Another issue that can occur is wilting or drooping of the leaves. This can be a sign of underwatering or excessive heat. Make sure to water your lavender cuttings regularly and provide them with adequate shade or protection from extreme heat.

Pests can also be a problem for lavender cuttings. Aphids, spider mites, and whiteflies are common pests that can infest lavender plants. Monitor your plants regularly and take action at the first sign of pest infestation. You can use organic insecticidal soap or neem oil to control pests.

Enjoying the Fruits of Your Labor: Harvesting and Using Your Lavender Plants

Once your lavender plants have matured, you can start enjoying the fruits of your labor. Here are some tips for harvesting and using your lavender plants.

The best time to harvest lavender is when the flowers are fully open but before they start to fade. Cut the flower stems just above the leaves using sharp pruning shears. Harvesting in the morning when the flowers are at their peak fragrance is recommended.

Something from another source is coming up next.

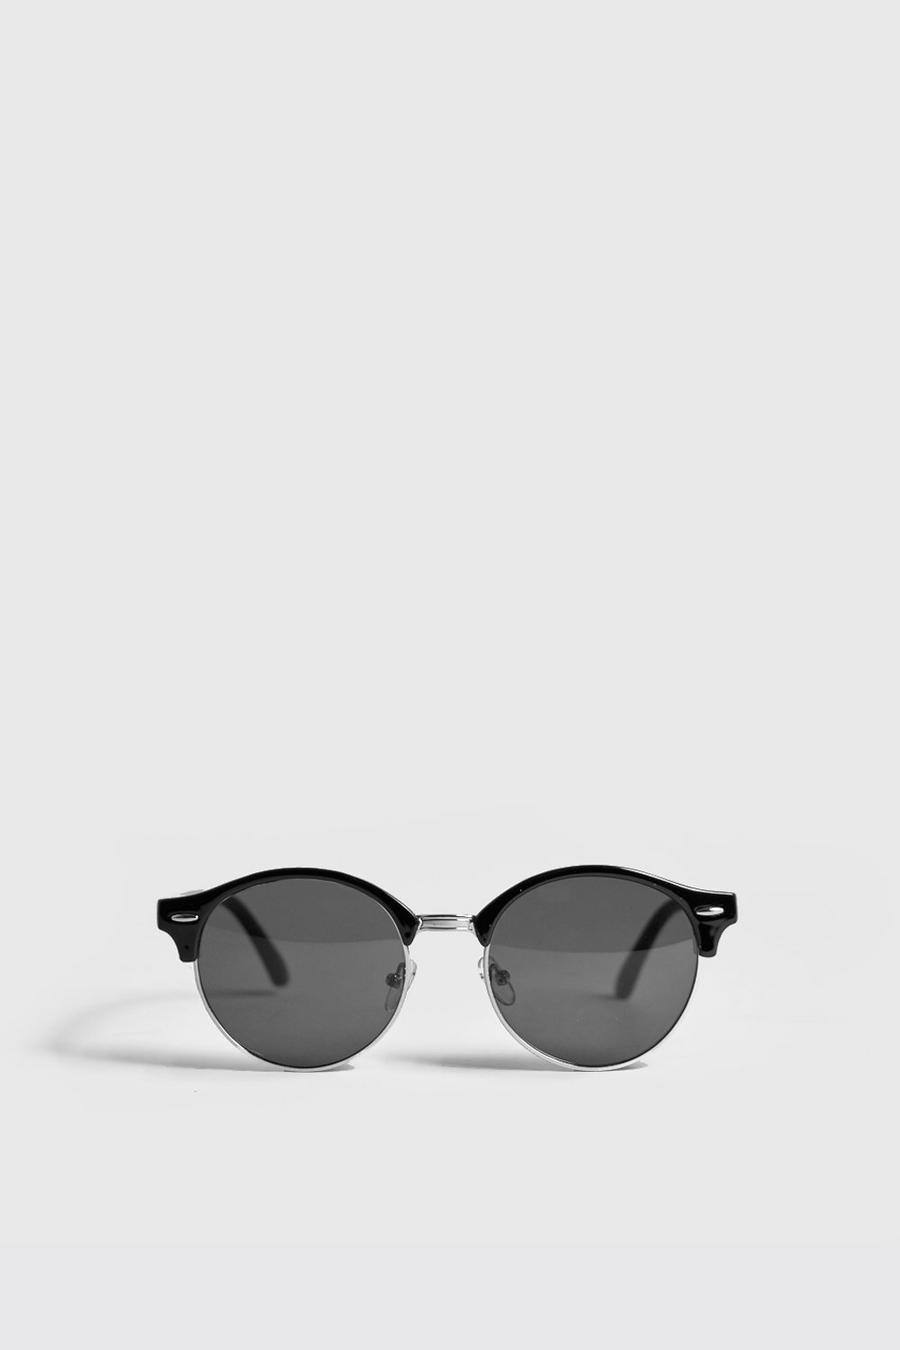 Schwarze Sonnenbrille mit runden Gläsern und goldenen Details
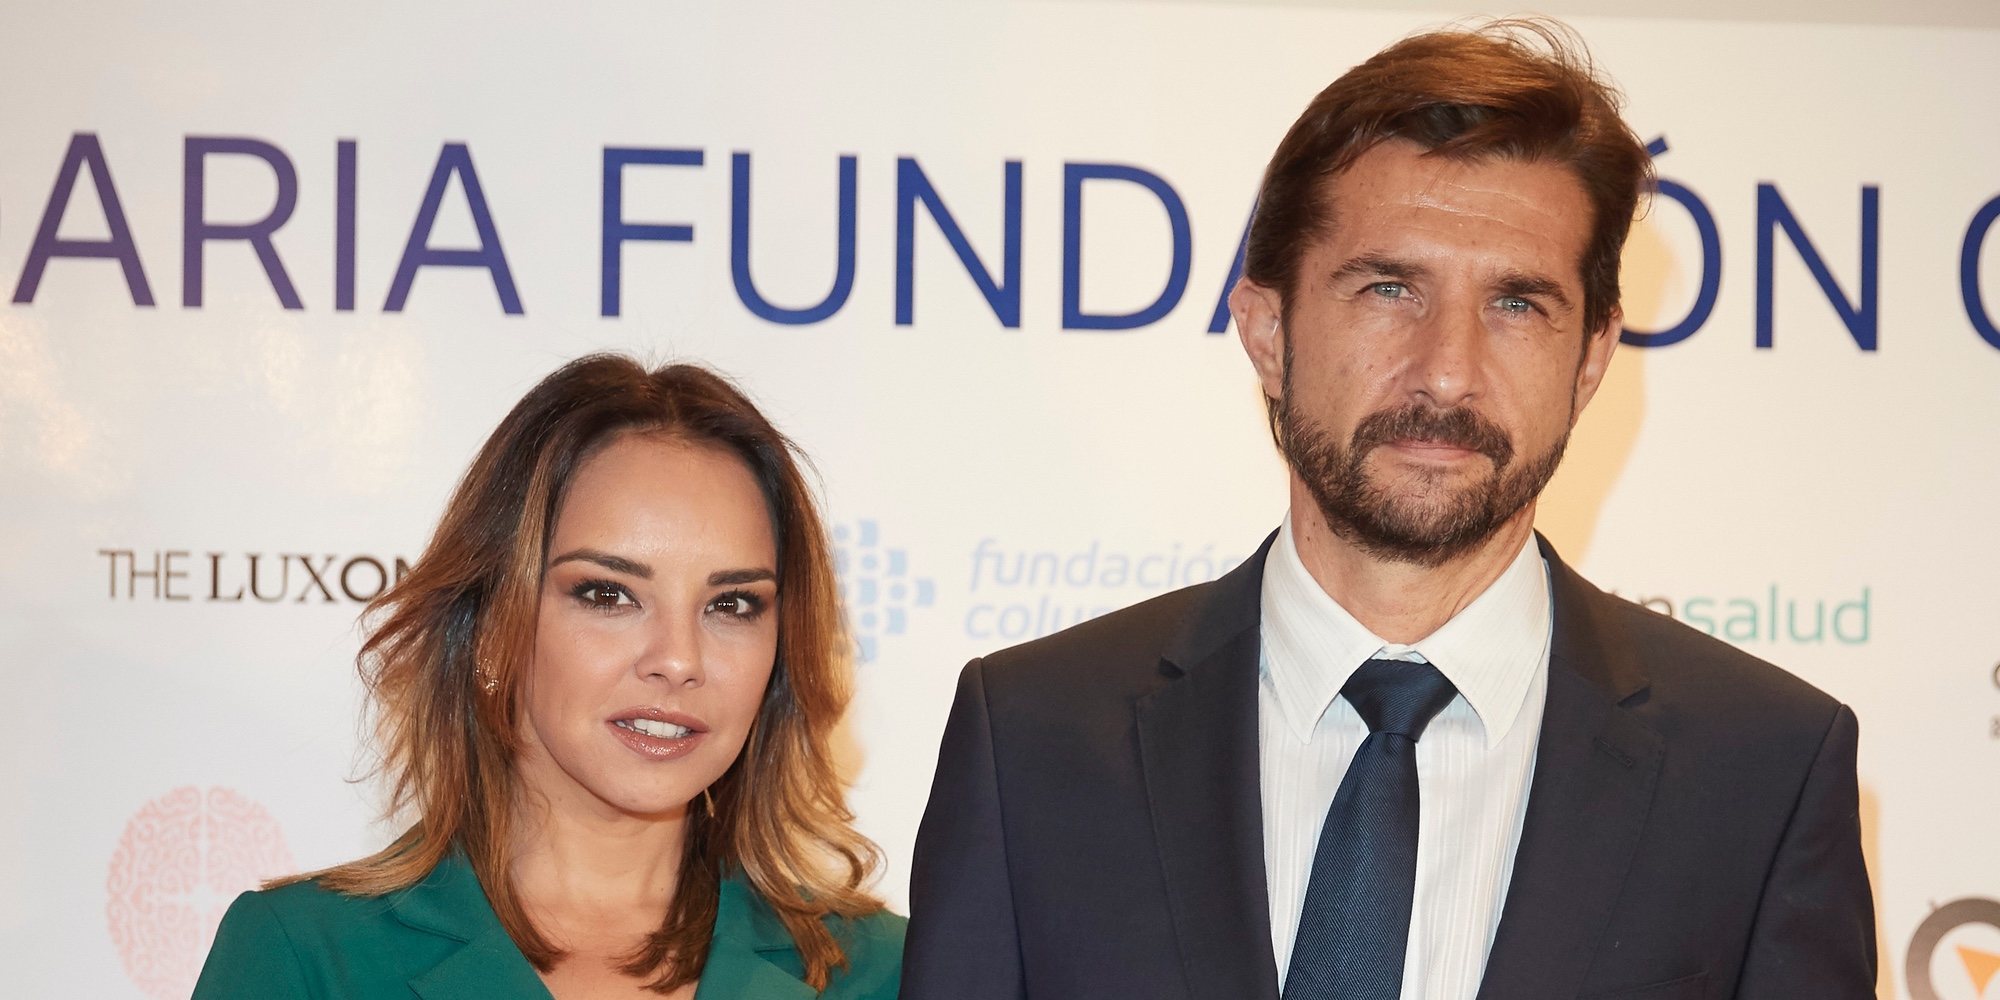 Chenoa busca fecha para casarse con Miguel Sánchez Encinas: "Estamos cuadrando agendas"

There are many ways to use lavender in your home and garden. You can dry the flowers and use them in potpourri, sachets, or herbal teas. Lavender can also be used in cooking and baking to add a unique flavor to dishes. Additionally, lavender essential oil can be extracted from the flowers and used for aromatherapy or homemade beauty products.

To preserve and store lavender, make sure to dry the flowers thoroughly before storing them. Hang the flower stems upside down in a cool, dark place until they are completely dry. Once dry, remove the flowers from the stems and store them in an airtight container away from light and moisture.


Propagating lavender from cuttings is a rewarding and cost-effective way to expand your lavender garden. With the right techniques and care, you can enjoy beautiful and fragrant lavender plants for years to come. Choose the right lavender variety for propagation, prepare the cuttings properly, and create an ideal environment for rooting. Take care of your lavender cuttings by watering, fertilizing, and pruning them appropriately. Transplant them when they are ready and troubleshoot any problems that may arise. Finally, enjoy the fruits of your labor by harvesting and using your lavender plants in various ways.